Одна из самых дорогих дач недалеко от озера: дом в шведском стиле, прекрасные старые сосны и яркие цветники перед обширной террасой.
Хозяйка весь день в легком нарядном матинэ с кружевами, сияющая тридцатилетней купеческой красотой и спокойным довольством летней жизни. Муж уезжает в контору в Москву в девять утра, возвращается в шесть вечера, сильный, усталый, голодный, и тотчас идет купаться перед обедом, с облегчением раздевается в нагретой за день купальне и пахнет здоровым потом, крепким простонародным телом…
Вечер в конце июня. Со стола на террасе еще не убран самовар. Хозяйка чистит на варенье ягоды. Друг мужа, приехавший на дачу в гости на несколько дней, курит и смотрит на ее обнаженные до локтей холеные круглые руки. (Знаток и собиратель древних русских икон, изящный и сухой сложением человек с небольшими подстриженными усами, с живым взглядом, одетый как для тенниса.) Смотрит и говорит:
— Кума, можно поцеловать руку? Не могу спокойно смотреть.

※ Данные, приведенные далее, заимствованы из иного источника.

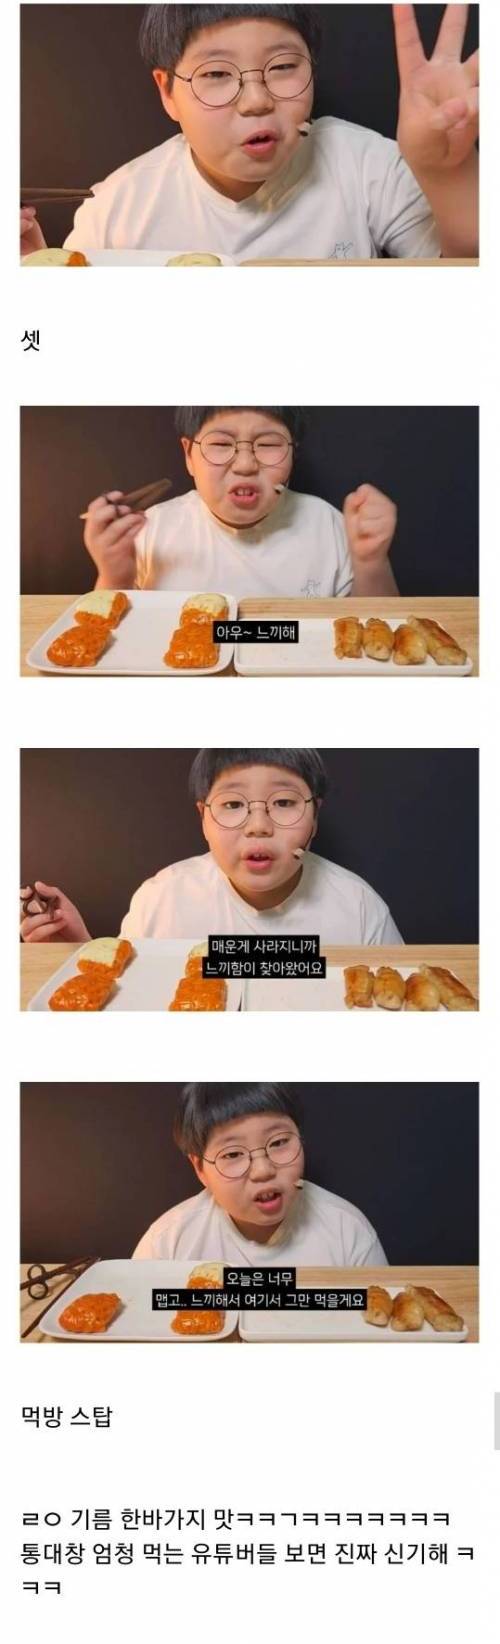 대창+불닭쌈 먹방한 초딩이 느낀 대창 맛

Руки в соку, — подставляет блестящий локоть.
Чуть коснувшись его губами, говорит с запинкой:
— Кума…
— Что, кум?
— Знаете, какая история: у одного человека сердце ушло из рук и он сказал уму: прощай!
— Как это сердце ушло из рук?
— Это из Саади, кума. Был такой персидский поэт.

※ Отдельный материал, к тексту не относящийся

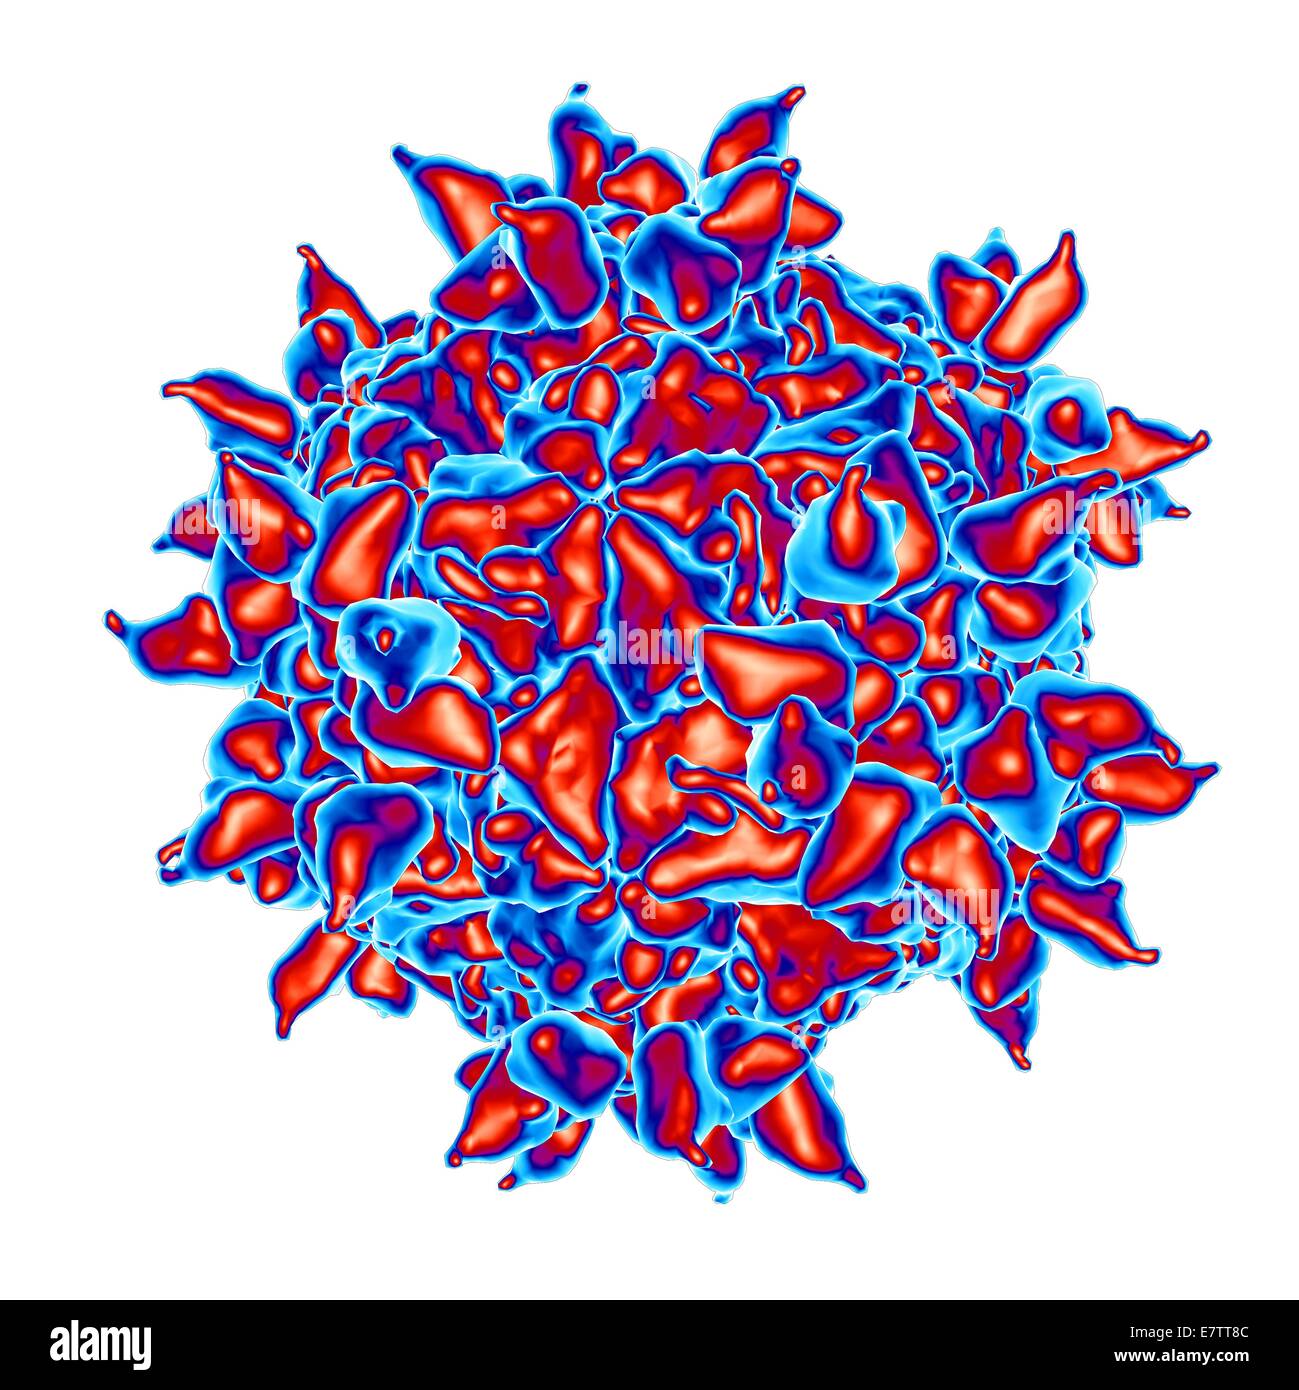 Human rhinovirus, computer artwork. Stock Photo

— Знаю. Но что значит сердце ушло из рук?
— А это значит, что человек влюбился. Вот как я ч вас.
— Похоже, что и вы сказали уму: прощай.
— Да, кума, сказал.
Улыбается рассеянно, будто занятая только своим делом:
— С чем вас и поздравляю.
— Я серьезно.
— На здоровье.
— Это не здоровье, кума, а очень тяжелая болезнь.
— Бедный. Надо лечиться. И давно это с вами?
— Давно, кума. Знаете, с каких пор? С того дня, когда мы с вами ни с того ни с сего крестили у Савельевых, — не понимаю, какая нелегкая дернула их позвать крестить именно нас с вами… Помните, какая метель была в тот день, и как вы приехали вся в снегу, возбужденная быстрой ездой и метелью, как я сам снял с вас соболью шубку, и вы вошли в залу в скромном белом шелковом платье с жемчужным крестиком на слегка открытой груди, а потом держали ребенка на руках с завернутыми рукавчиками, стояли со мной у купели, глядя на меня с какой-то смущенной полуулыбкой…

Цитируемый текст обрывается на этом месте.